Petrarca e il nostro tempo

Il 9 novembre 2020 muore Marco Santagata: professore universitario, medievista, critico letterario, scrittore. Tra i massimi studiosi di Petrarca (di cui ha curato "il Canzoniere" per i Meridiani Mondadori: un certificato di garanzia), con le sue raffinate narrazioni è stato, tra l’altro, vincitore del premio Campiello (2003) e finalista del premio Strega (2015). Con lui, come con pochissimi altri nella letteratura contemporanea (mi viene in mente solo Umberto Eco) il rapporto circolare tra vita e letteratura si arricchisce di un ulteriore, preziosissimo elemento: l’oggetto di studi accademici inaccessibili ai più, in cui - da un lato - si trasfonde la vita dello studioso e che - dall'altro - divengono letteratura.

   Memorabile, in questo senso, "Il copista. Un venerdì di Francesco Petrarca" (2000): un cammeo della narrativa italiana, troppo poco conosciuto - non foss'altro che ogni uomo di lettere si può riconoscere in questo Poeta dissacrato, ormai anziano, puttaniere bestemmiatore alcolizzato depresso; tutto ciò che probabilmente Petrarca è stato. Nel "Copista" la scrittura è precisa, e precisamente, con taglio caravaggesco, rende drammaticamente la scena e il suo personaggio. E che personaggio: un vecchio che bamboleggia, un sommo poeta incapace di invettiva, ritratto in tutta la sua umanità, lacerato dai propri fallimenti. Lo stile è quello di un classico di altri tempi (è ora, d'altronde, di cominciare a pensare a Santagata come a un classico), centrato su un personaggio boccaccesco - tale era il Petrarca - e i suoi ricordi, dolorosi, sfalsati, eppure intrecciati in uno stile a metà strada tra la coscienza di Svevo e l'incessante rimuginio familiare della Ernaux (da oggi, col Nobel, pure lei un classico).

   Ma il racconto che Marco Santagata metteva in scena vent'anni fa è, per i lettori d'oggi, un volano formidabile per riflettere sul presente, sul rapporto tra le arti e la politica, ed ancora più specificamente tra gli uomini di governo e gli uomini di lettere. Un tema di vertiginosa attualità, in un momento storico in cui la cultura è vista come grazioso orpello della civiltà moderna, un ghirigoro del tutto inutile; figuriamoci quale apporto può dare all'esercizio del potere.

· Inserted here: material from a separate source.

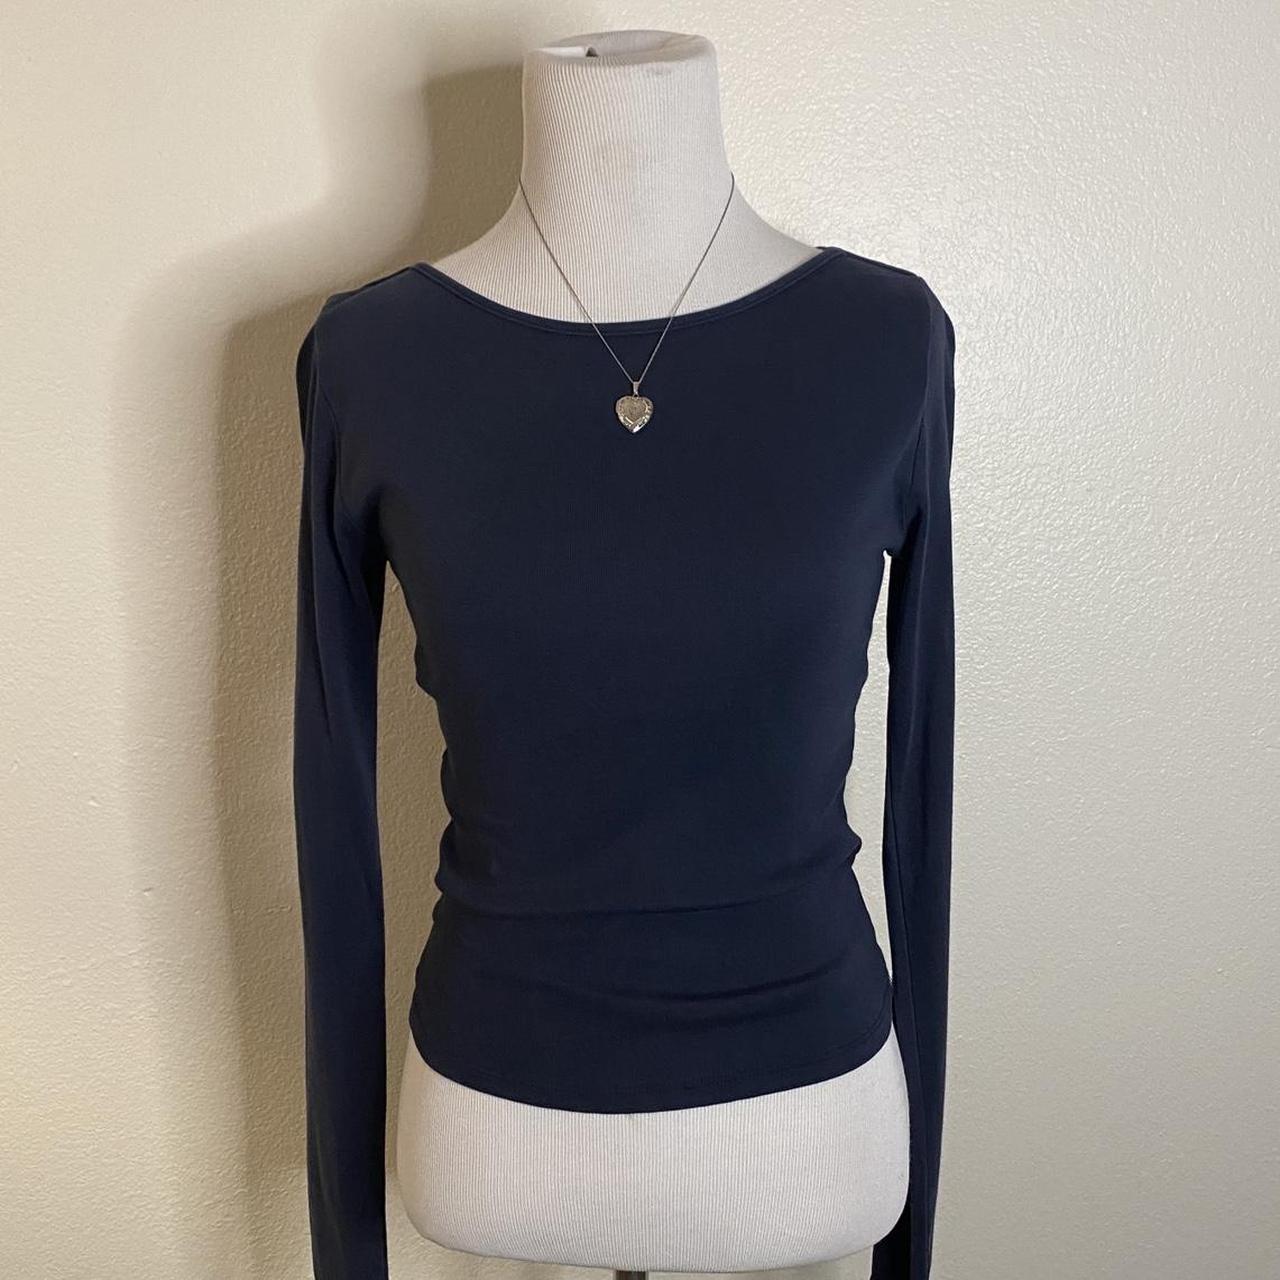 Brandy Melville Women's Navy Shirt | Depop
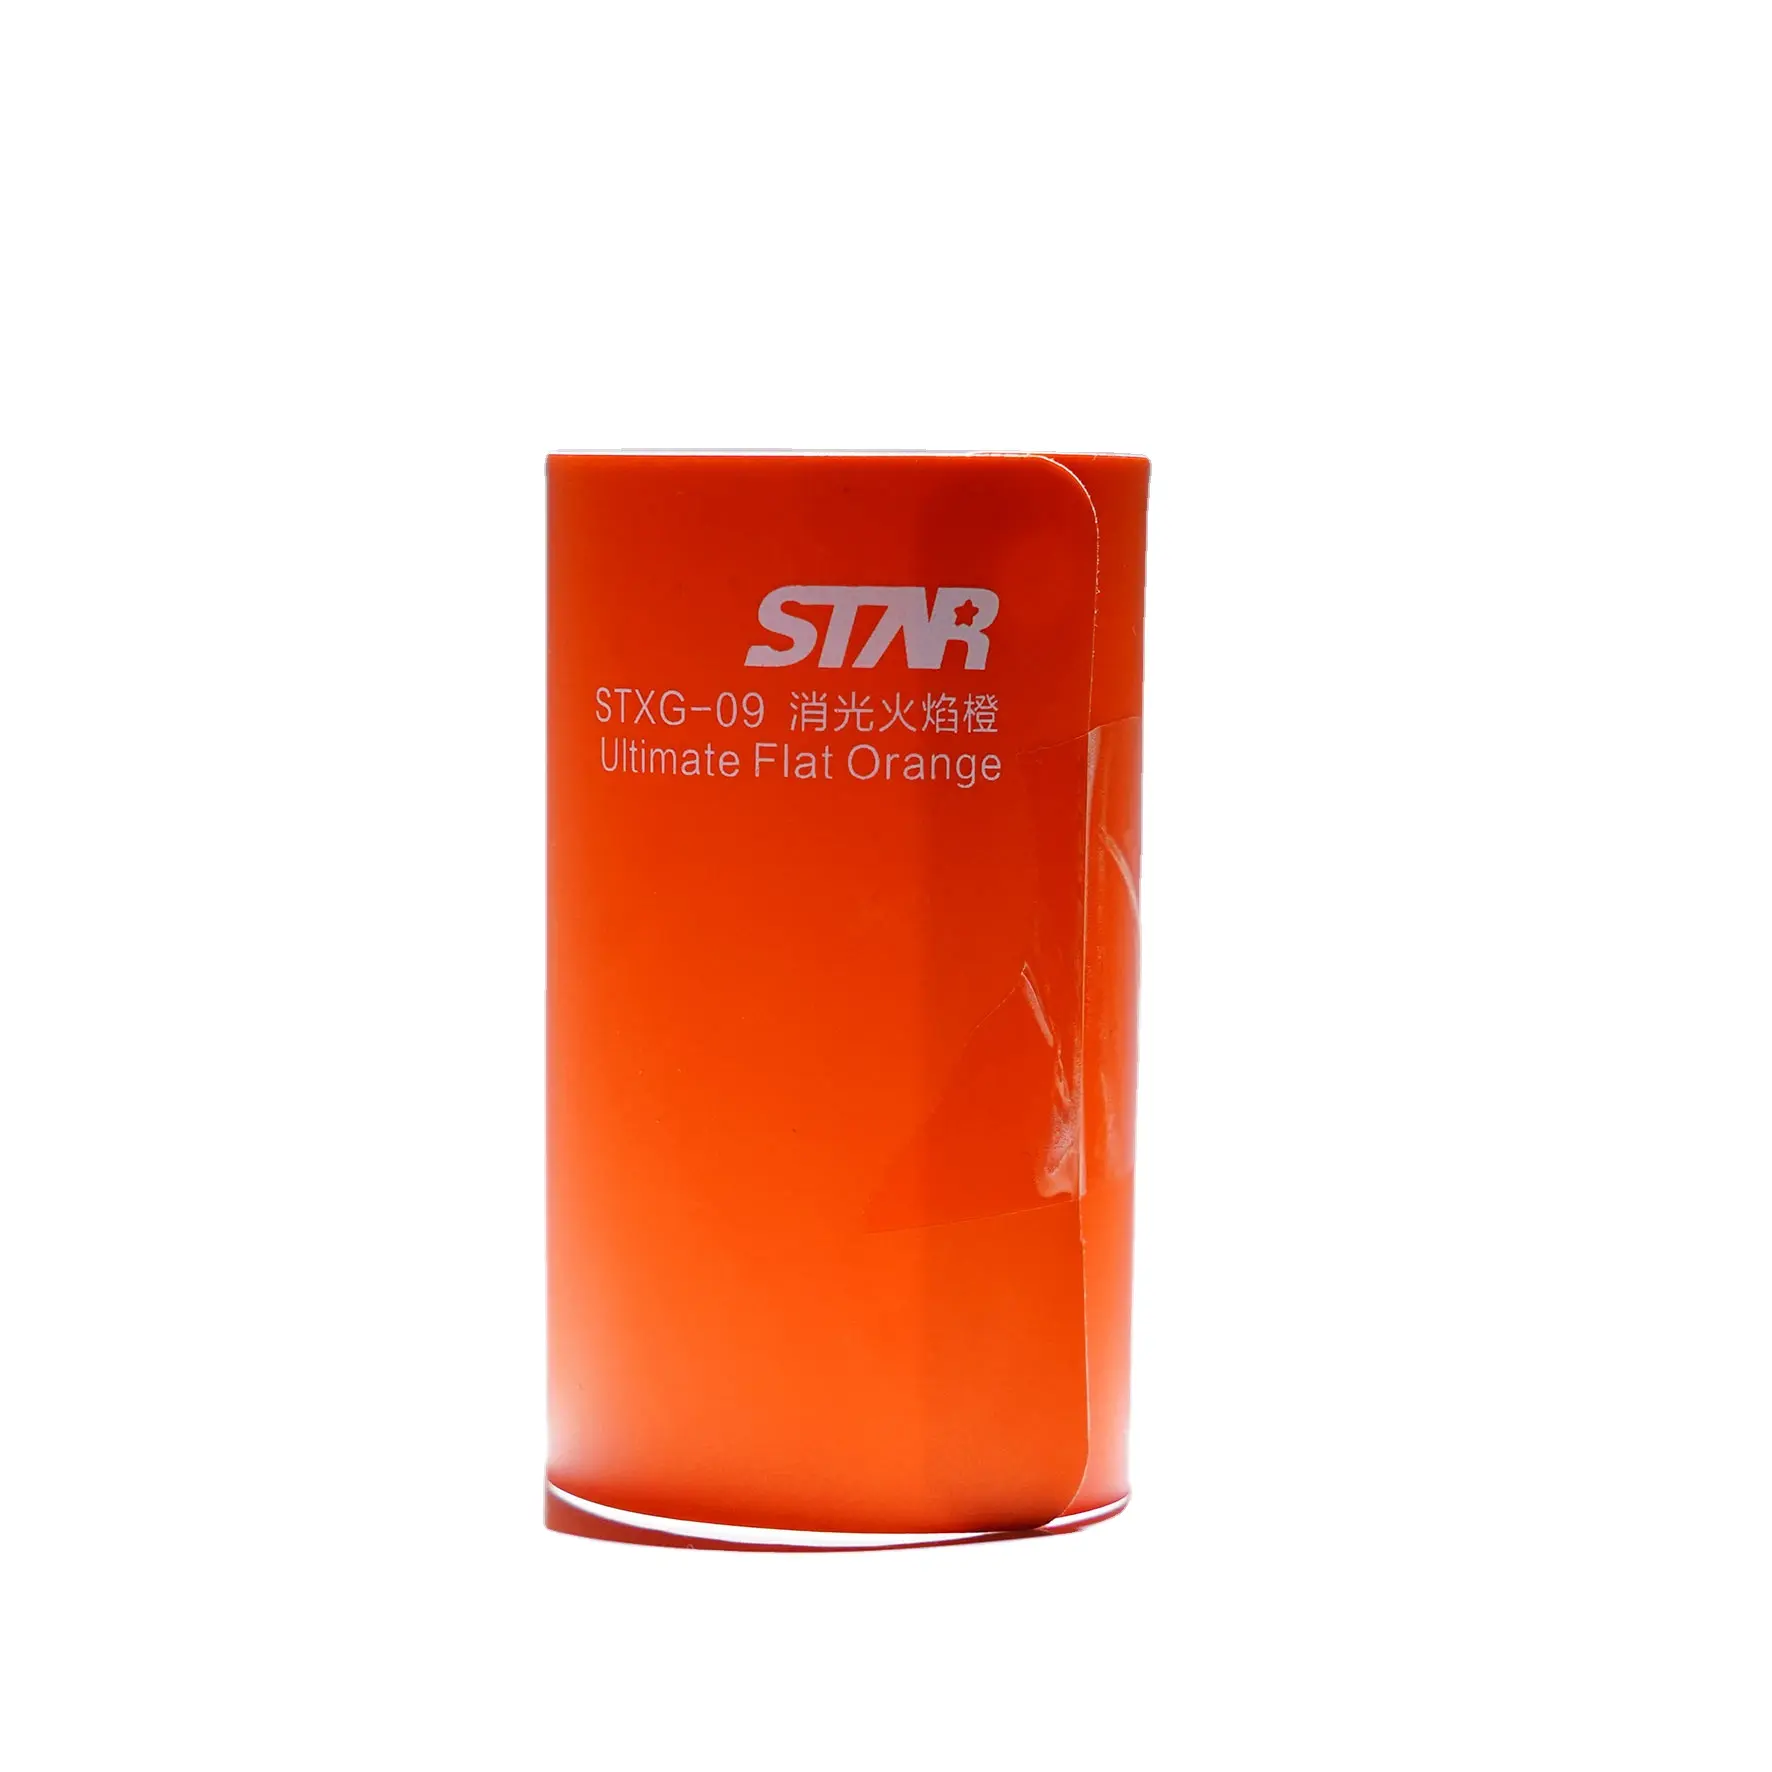 STXG-09 Cuối Cùng Phẳng Orange Trang Trí Xe Hơi DecalMetal Phim PVC Removable Sticker Tự Động Động Cơ Cơ Thể Bọc

   In Italia, soprattutto. Perché in Italia è da almeno trent'anni che questo rapporto virtuoso si è interrotto. Era in piedi da secoli: i potenti del tempo di Petrarca facevano a gara per ottenere un incontro, una conversazione con il poeta, una sua missiva; agognavano, per avere consigli su un saggio esercizio del potere. Le arti erano viste come un arricchimento: “Fare visita al poeta in campagna era diventato una specie di obbligo; l'essere ricevuti nella sua modesta casetta un privilegio di cui vantarsi”. Filosofare con gli artisti e i letterati è stata una pratica comune in ogni epoca storica (cosa è stato l'Umanesimo? e cosa l'Illuminismo?), con l'evidente eccezione dei buchi neri delle dittature e degli autoritarismi: quelli passati, quelli presenti e quelli ahimè futuri. Una pratica coltivata fino a tempi recenti, anche in Italia, dal dopoguerra in poi. La politica si interessava delle arti, e viceversa. Ancora negli anni Ottanta Renato Guttuso era senatore tra le file del PCI, Leonardo Sciascia deputato radicale, Giovanni Spadolini il leader del partito repubblicano, Eduardo de Filippo senatore a vita. E poi, cos'è accaduto?

   Qualcosa di molto simile al decadimento fisico dell'uomo che non ha più voglia di vivere e che attende la morte; come il memorabile Petrarca di Santagata, che scorge nella sua condizione “una perdita continua, disordinata, casuale. Il mondo rimpiccioliva e la vita si abbreviava fino a coincidere con un vuoto presente”. Eccolo, il vuoto presente; ciascuno di noi, nel suo piccolo, può provare a riempirlo.

Andrea Apollonio

Il Passato talvolta ritorna.
Se non ritorna, forse non è passato.